I've been told that very often (that I am very calming and warm). I'm always trying to be as accommodating to others as possible, so it would make sense!


----------



## Raawx (Oct 9, 2013)

moths said:


> Wow, that's interesting. I theorized that it would be indicative of an NFP type.
> 
> Do you mean my perception of being INFJ? I've told some people that I may be INFJ, but they didn't really buy it. It's making me wonder if I am not objectively analyzing myself enough.
> 
> ...


At this point, I'm not sure if I'll be of any more use to you! I would just recommend that you explore the INFJ forums, descriptions or what have you. The Cognitive Functions forum is my favorite as well; be sure to take a gander there as well.


----------



## moths (May 10, 2014)

Raawx said:


> See, an ENFP would have a VERY hard time "door-slamming" people. I have gotten into massive fights with an ENFJ friend of mine, and we're still friends. I just have a very very hard time telling people no, and letting them go. I just always believe that there is good in them.
> 
> Also, another resource to explore. I believe you would be a Beta type (INFp).


Ah, this is tough. I agree with that statement, that there is good in every human being. I've studied those without empathy (notably, serial killers), and even then, I don't think they're necessarily "bad" people, just people who got a little lost along the way. (Though, I am prone to personal bias on this as those with a lack of empathy hits close to home for me). Though one must also take into consideration the effects of a relationship unto you, not just their innate goodness. I know people who are in on and off again relationships, and I just can't understand it. They're delaying the inevitable. Why continue to fool yourself into it again and again? 

I have this stalker... I've been putting off telling them that I feel as if he is over-stepping boundaries, however I've failed to do so for a year! This is because he hasn't done anything necessarily BAD, he's just been very... persistent and... aware of where I am all the time. I am bad at saying no too, in fear of hurting the other person, especially if they are sincerely trying to be a good person. (He's kind, just a little creepy)

Ooh, yes I've scored as INFp on socionics tests and related to the profile very, very well. I'm reading this and it fits me incredibly well, too! Especially about romance. "A relationship is felt to be "lacking" if not accompanied by intense demonstrations of emotions." This is actually why I broke up with my ex! (Sorry... I feel like I've had a revelation and things are coming together, haha!)


----------



## moths (May 10, 2014)

Raawx said:


> At this point, I'm not sure if I'll be of any more use to you!
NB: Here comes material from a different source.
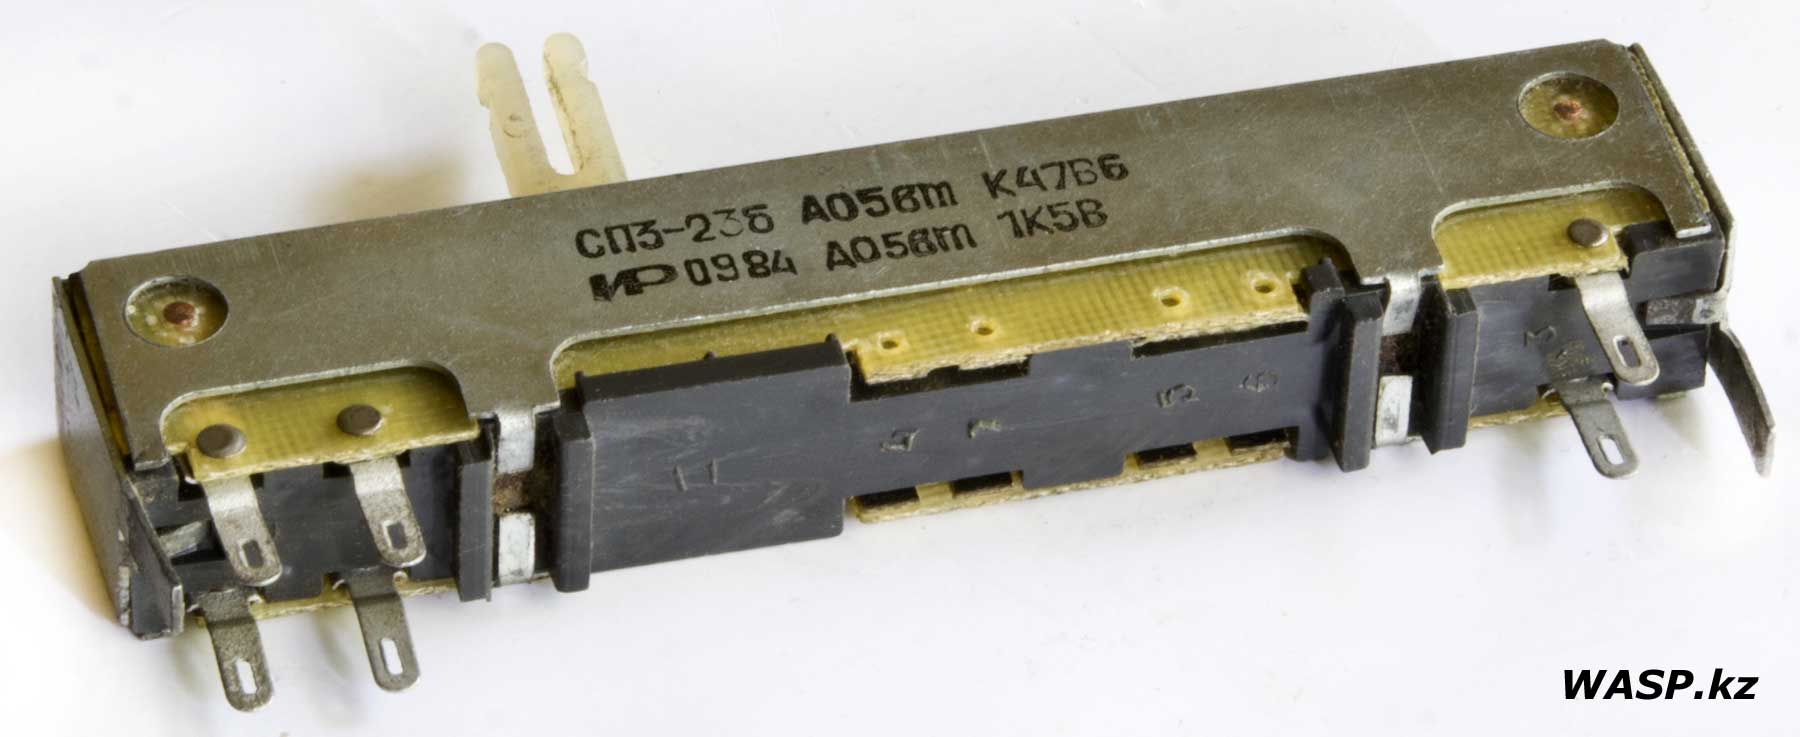 СП3-23б ползунковый переменный резистор, СССР, 1984 год, обзор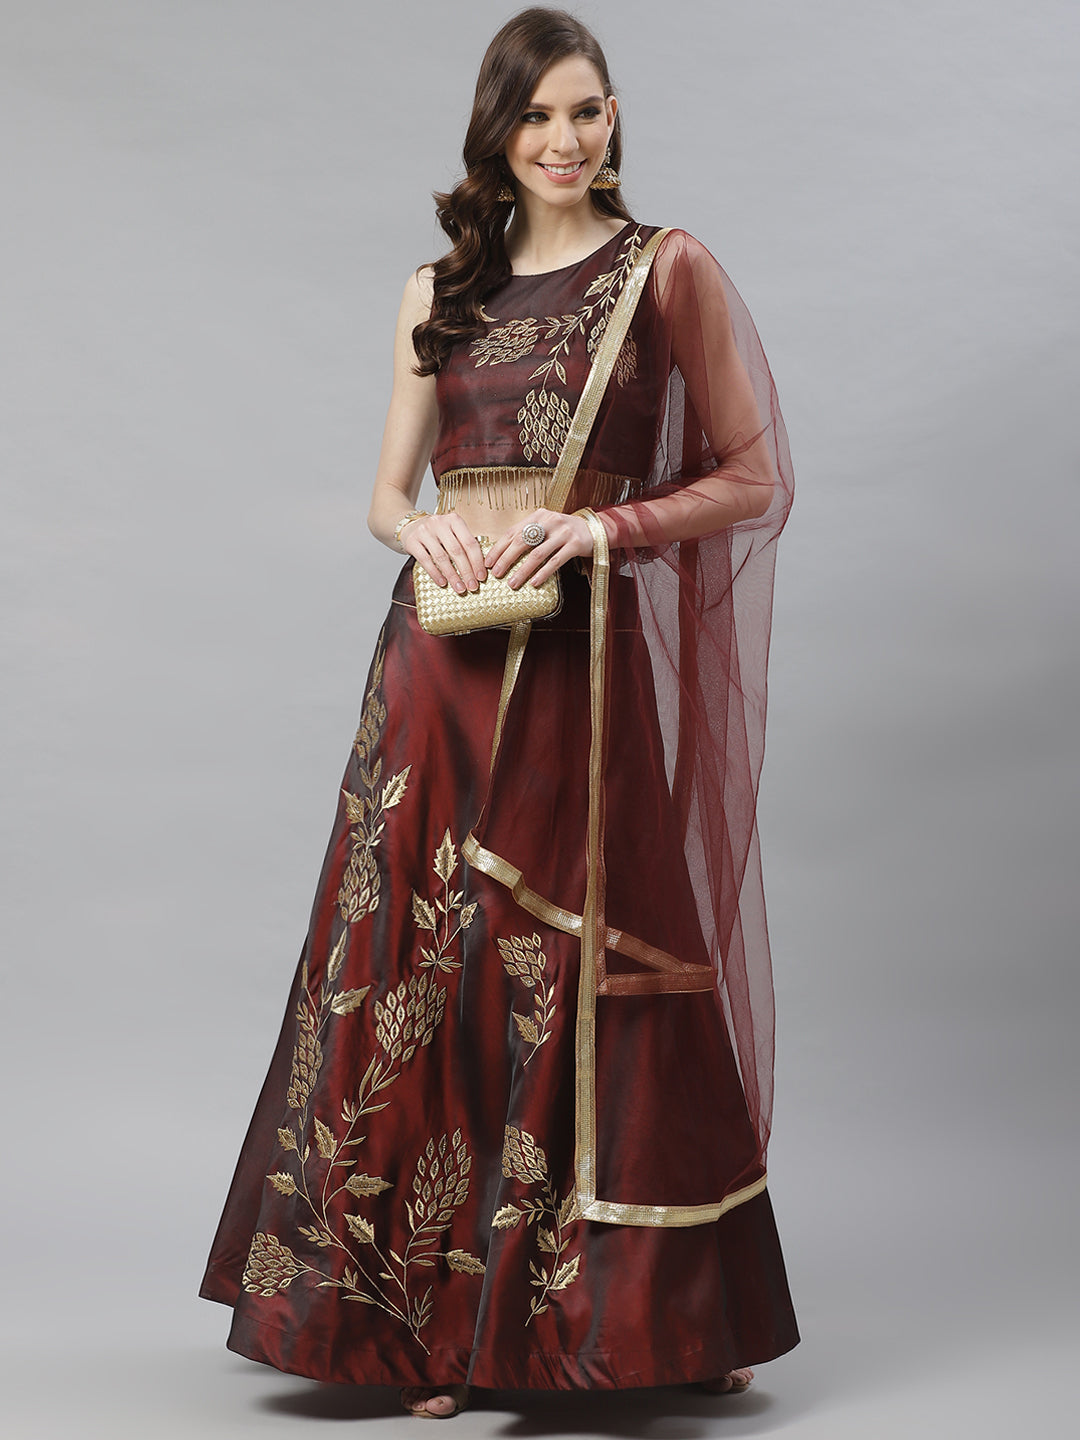 New Arrival Bollywood Style Lahenga Choli With Contrast Blouse,Embroidery  Work Lahenga Choli,W… | Indian outfits lehenga, Party wear lehenga,  Designer lehenga choli

I would just recommend that you explore the INFJ forums, descriptions or what have you. The Cognitive Functions forum is my favorite as well; be sure to take a gander there as well.


Aw, that sounds so sad! Humans don't need to be a utility! 

I really, sincerely appreciate your help. Your guidance has really significantly helped me understand who I am. Thank you so much for taking the time to help me out! 

I hope you have a lovely day! Also, I read your thread-- I hope I could be of assistance to you on determining your type, but you seem more knowledgable than I am, haha! Good luck with your endeavors!


----------



## Raawx (Oct 9, 2013)

moths said:


> Aw, that sounds so sad! Humans don't need to be a utility!
> 
> I really, sincerely appreciate your help. Your guidance has really significantly helped me understand who I am. Thank you so much for taking the time to help me out!
> 
> I hope you have a lovely day! Also, I read your thread-- I hope I could be of assistance to you on determining your type, but you seem more knowledgable than I am, haha! Good luck with your endeavors!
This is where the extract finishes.